Do you mind sharing some details about how you're using it? I have four 256GB sticks sitting doing nothing and a dual Cascade Lake ES system (with six Mi50s) for LLM inference.
I have the Optane modules set for AppDirect. This can be done in either the Bios or using
impctl (depending in your distro, you might need to compile from source -- which I would recommend getting an AI agent to help since there's some complexity that isn't mentioned on the repo. It was difficult with my supermicro motherboard due to an external dependency--a package called edk2).
If you're using ipmctl then it's something like
sudo ipmctl create -goal PersistentMemoryType=AppDirect .
You want to set your optane goal in the bios to use 100% of optane memory for appdirect (there's an appdirect max on no-suffix, M and L suffix CPUs. this cap was dropped in later gens).
Then use ndctl (you should be able to install this through your package manager).
sudo ndctl create-namespace --mode=fsdax This turns the appdirect capacity to a DAX block device. Then format it to a DAX supported file extension, fs4, xfs and a few other. xfs will probably offer the maximum performance but I am just currently using fs4. (the block should show up as
/dev/pmem0 if you run
lsblk)
After this you can mount it and add it to your fstab for automount. Run
ls -l /dev/disk/by-id and use the device id for fstab mounting.

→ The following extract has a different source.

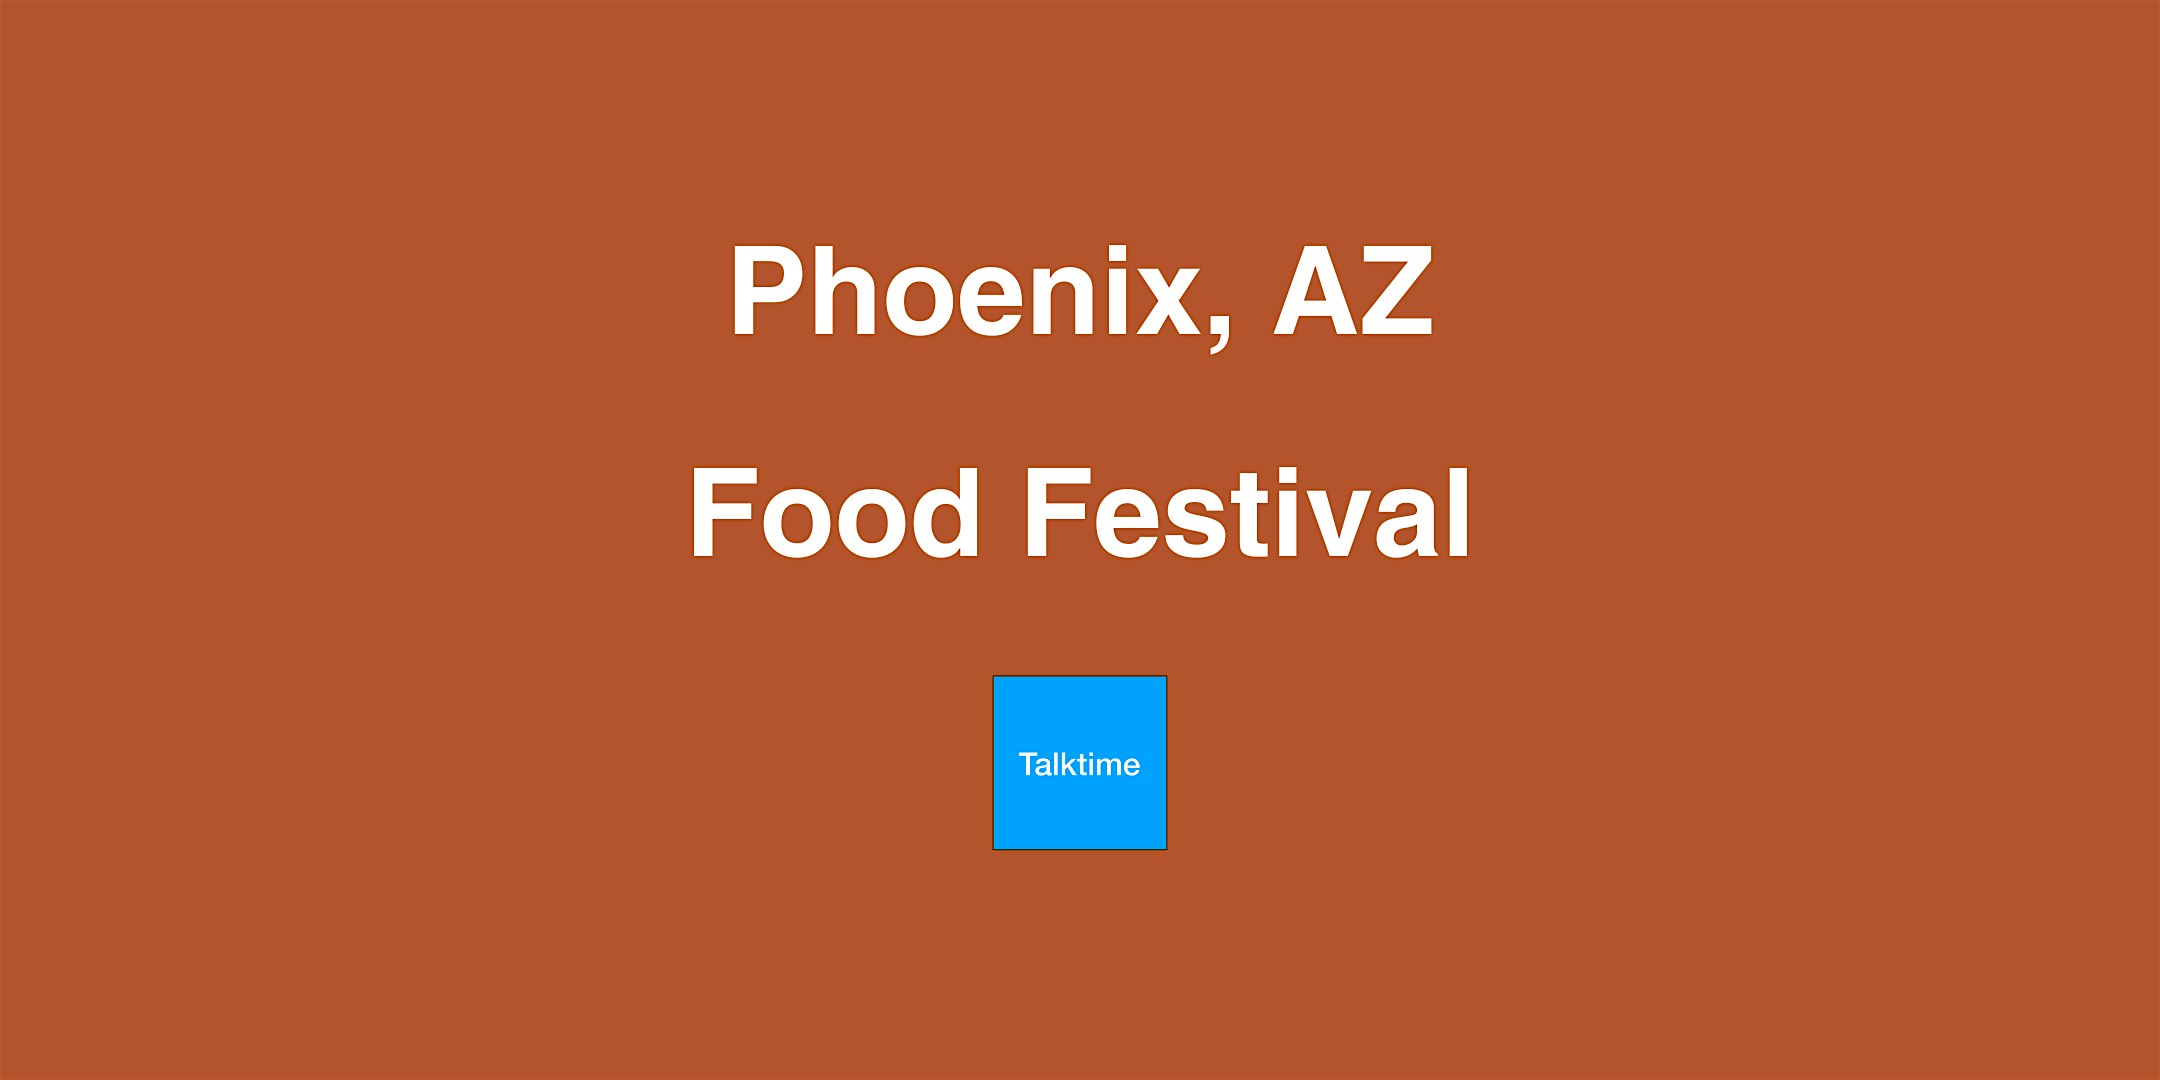 Food Festival - Phoenix

The next step is to put your gguf on the DAX drive and use it with llamacpp. In my instance, I am using ik_llamacpp. I am seeing the models load within just a few seconds. You'll also want to put your llamacpp cache on there as well. This is super useful when you use llama-swap and now you can switch models for different usage scenarios from your llm agent and only have to wait a few seconds.
If you're running llamacpp or ik_llamacpp in docker, make sure to also passthrough the /dev/pmem0 device as well (I don't think it's necessary but I do it anyway).
You can also offload your docker data to the DAX drive as well.
sudo systemctl stop docker
Create a folder ex.
/mnt/pmem0/docker-data
edit
/etc/docker/daemon.json and add:
JavaScript:
{
"data-root": "/mnt/pmem0/docker-data"
}
sudo rsync -aP /var/lib/docker/ /mnt/pmem0/docker-data
sudo systemctl start docker
If you're running a database on docker, instead of using docker volume mount, use bind mounting where the path for the database storage is bound to a folder on the DAX drive (e.g.
/mnt/pmem0/postgres/data and
docker run ... -v /mnt/pmem0/postgres/data:/data). Volume mounting uses docker's overlayfs which negates the benefits. Lastly, don't forget database specific configuration flags specifically for running with pmem.